About this task
Starting at the line that has "Unisex Ultra Cotton" and stopping after the line that has "marco de ventilador", reproduce the listing below exactly; omit everything else.
**** The records
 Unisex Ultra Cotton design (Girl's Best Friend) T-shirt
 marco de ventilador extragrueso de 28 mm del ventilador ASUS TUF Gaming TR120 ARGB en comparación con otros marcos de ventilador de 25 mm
********
**** The records
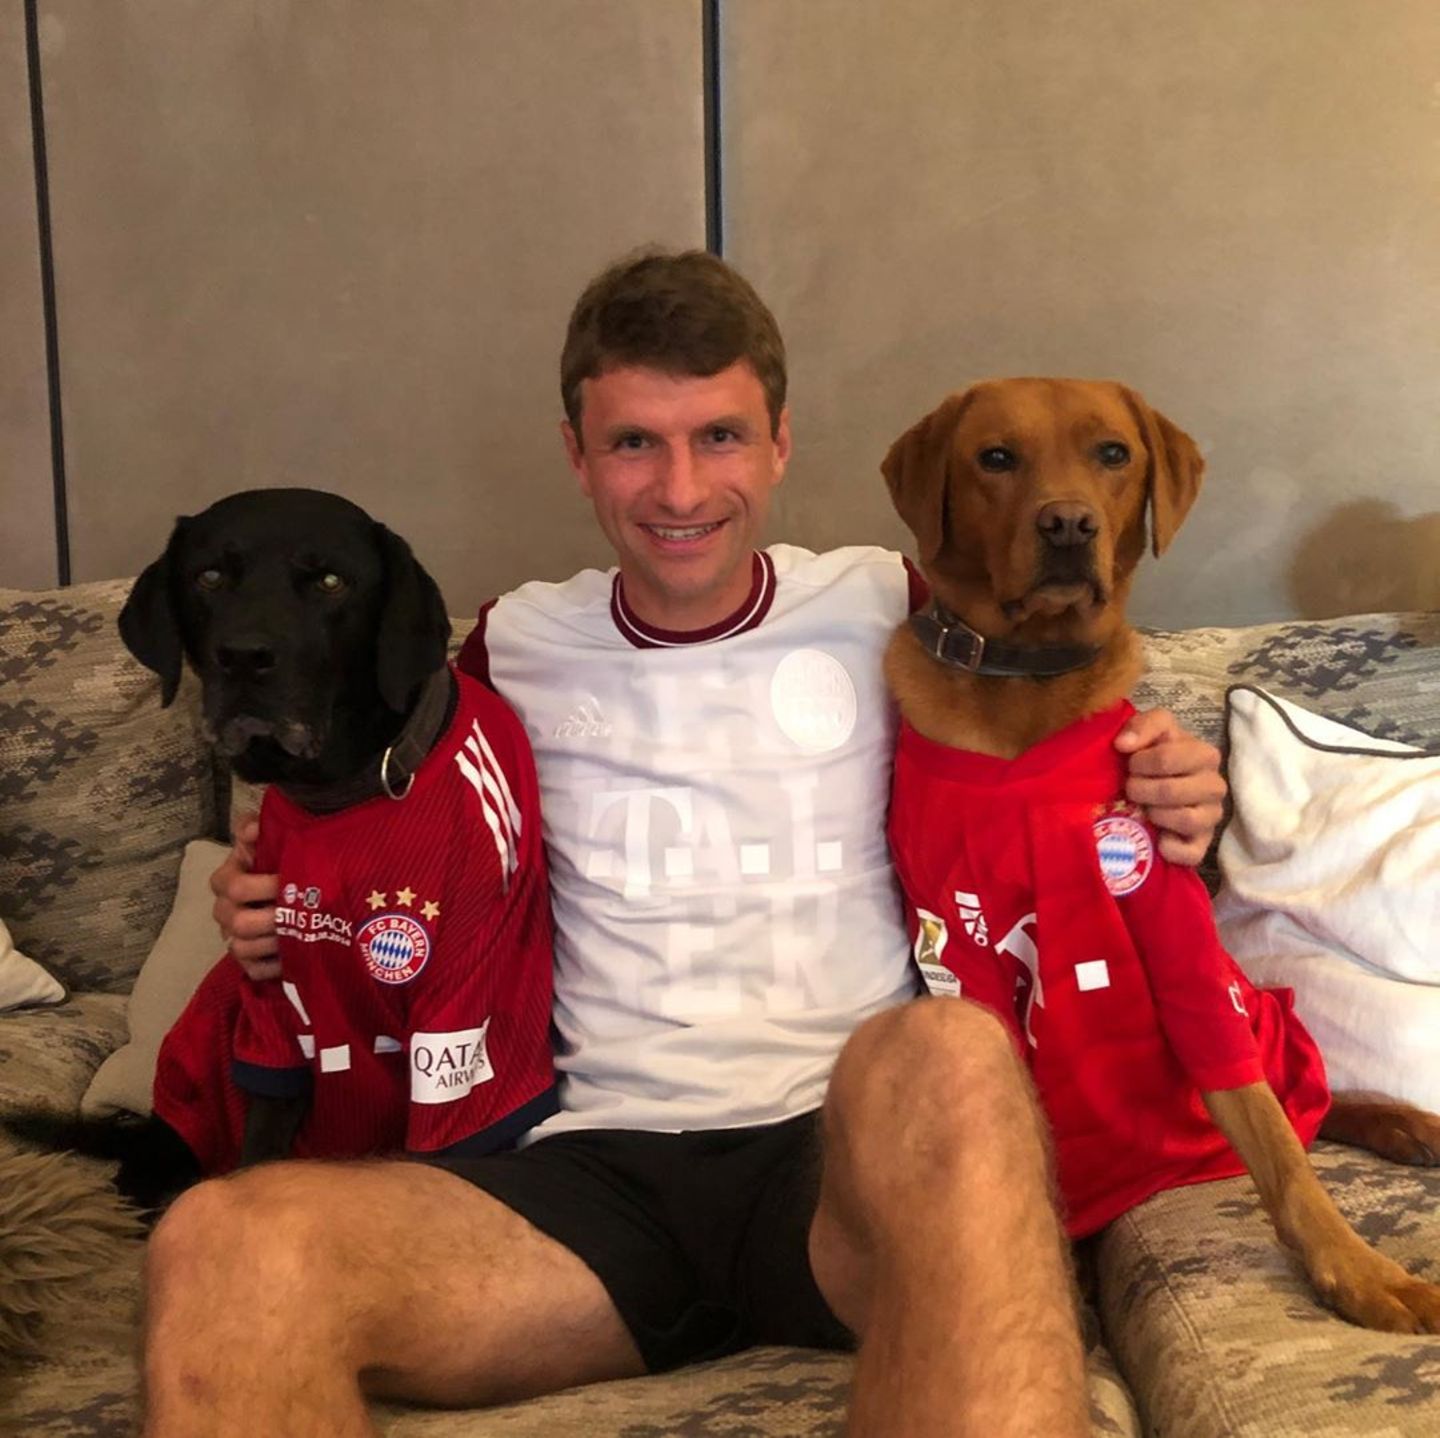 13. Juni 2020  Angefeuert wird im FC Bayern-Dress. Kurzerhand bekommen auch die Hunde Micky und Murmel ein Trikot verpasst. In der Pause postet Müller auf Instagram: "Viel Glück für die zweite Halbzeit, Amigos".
********
Written answer
 Unisex Ultra Cotton design (Girl's Best Friend) T-shirt
 marco de ventilador extragrueso de 28 mm del ventilador ASUS TUF Gaming TR120 ARGB en comparación con otros marcos de ventilador de 25 mm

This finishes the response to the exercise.